One of the new features in Windows Server 2003 was something called quarantine mode. The idea behind quarantine mode was that it can protect your network against remote users by refusing to grant access to remote systems unless those systems conform to the network security policy. For example, if someone were to dial into the network through a RAS connection, Windows could verify that the remote system had the latest service packs and anti virus definitions. If the remote machine’s configuration were not up to par, then the machine would be quarantined until the latest updates could be loaded.
Quarantine mode was a good idea, but the problem is that it is insanely complex to configure. You practically need a PHD in computer science to figure it out. To get around the problem of quarantine mode being so complex to configure, Microsoft is releasing a new policy enforcement platform called Network Access Protection (or NAP). NAP will make its debut in R2. You can read more details about Network Access Protection at: http://www.microsoft.com/windowsserver2003/technologies/networking/nap/default.mspx
At the MVP Global Summit in Redmond last spring, Microsoft also demonstrated a new scripting technology that is slated to be included in R2. This scripting engine is designed to allow developers to write more powerful batch files. It will allow the Active Directory and the system registry to be navigated from the command prompt in much the same way that you can currently navigate through the file system.
At TechEd, last May in San Diego, California, Microsoft demonstrated some of the other technologies that may eventually be included in R2. One such feature is a new file replication engine. This replication engine is designed to make the distributed file system (DFS) feature more efficient.
Currently, in a DFS environment, if you were to update a file, the file is then replicated to all DFS replica servers. The problem is that the entire file is replicated, even if only one byte has changed. The new replication technology will allow only the changed bytes to be replicated rather than DFS having to replicate the entire file. This will save a considerable amount of bandwidth when small changes are made to huge files or when rapid changes are made to a file.
Another new technology that is supposed to be making its way into R2 is something called Active Directory Federation (formerly code named Trust Bridge). Again, the details are very sketchy, but there was a brief discussion of this feature at TechEd this year. The idea behind this technology is that it will allow a user from one company to be authenticated into another company’s network by means of an Active Directory level authentication mechanism.

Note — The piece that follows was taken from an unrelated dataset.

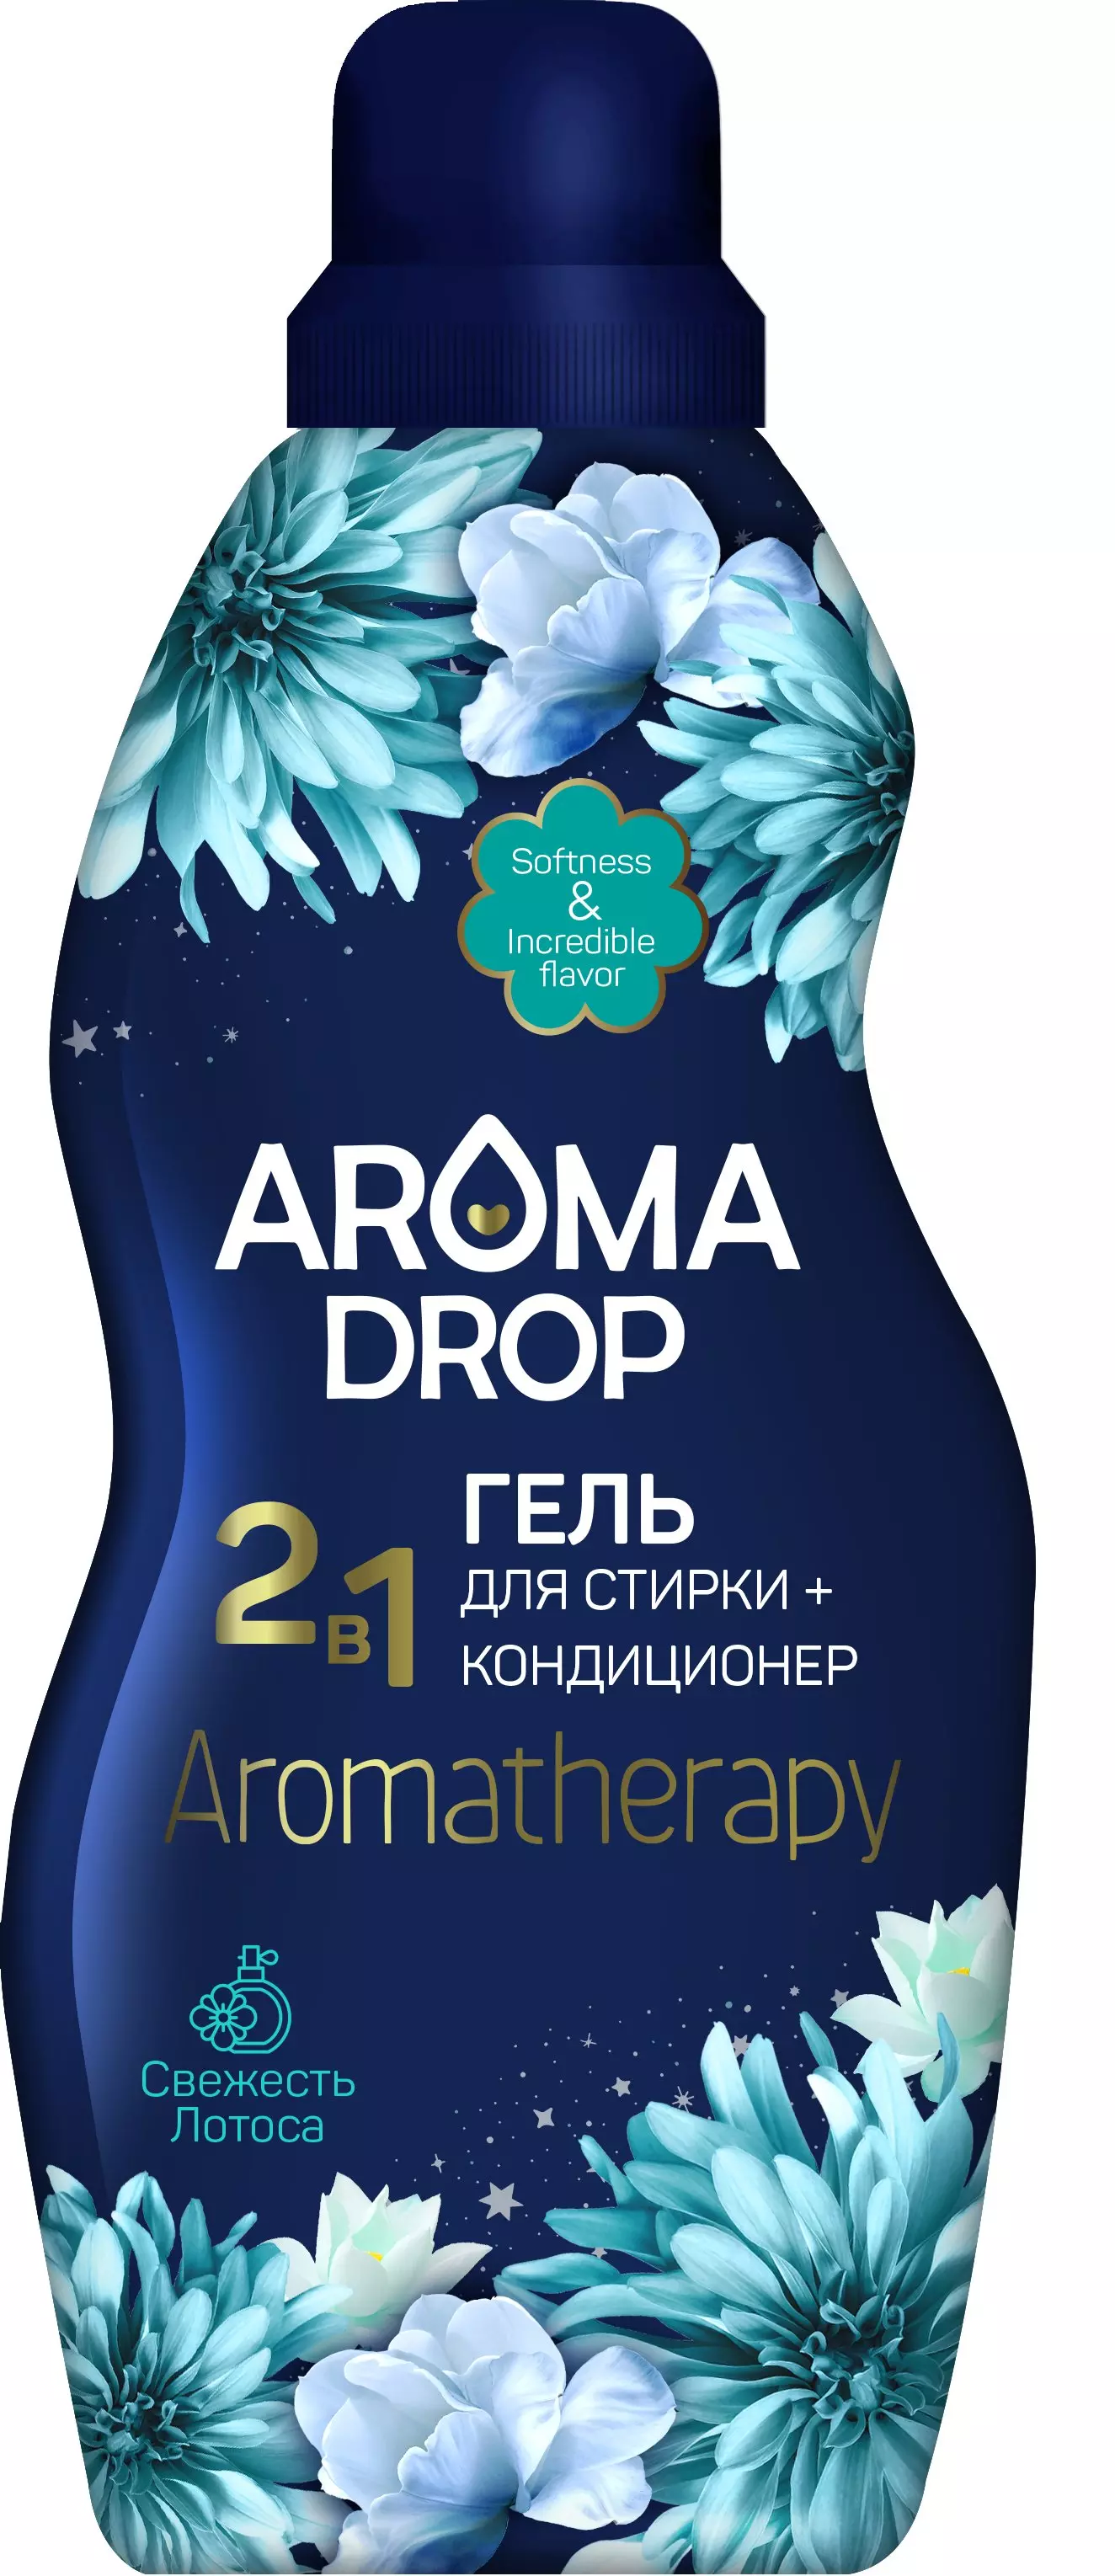 Гель для стирки Aroma Drop Aromatherapy 2 в 1 Свежесть лотоса, 1 л

One last feature that was discussed at TechEd was a technology called Anywhere Access. Anywhere Access is a networking technology that will allow users to access E-mail and other services on a corporate network even if no VPN is available. Anywhere Access isn’t designed to replace VPN technology, but is simply an alternative to it.
In this article, I have attempted to cut through the rumors and marketing hype and give you the best information that I can get on what to expect from Microsoft’s R2 release of Windows Server 2003. Keep in mind though that R2 is still about a year away and anything can change. After all, Microsoft had plans for a new version of Windows XP, and the new version was simply rolled into a service pack. It is possible (although unlikely) that the same thing could happen to R2.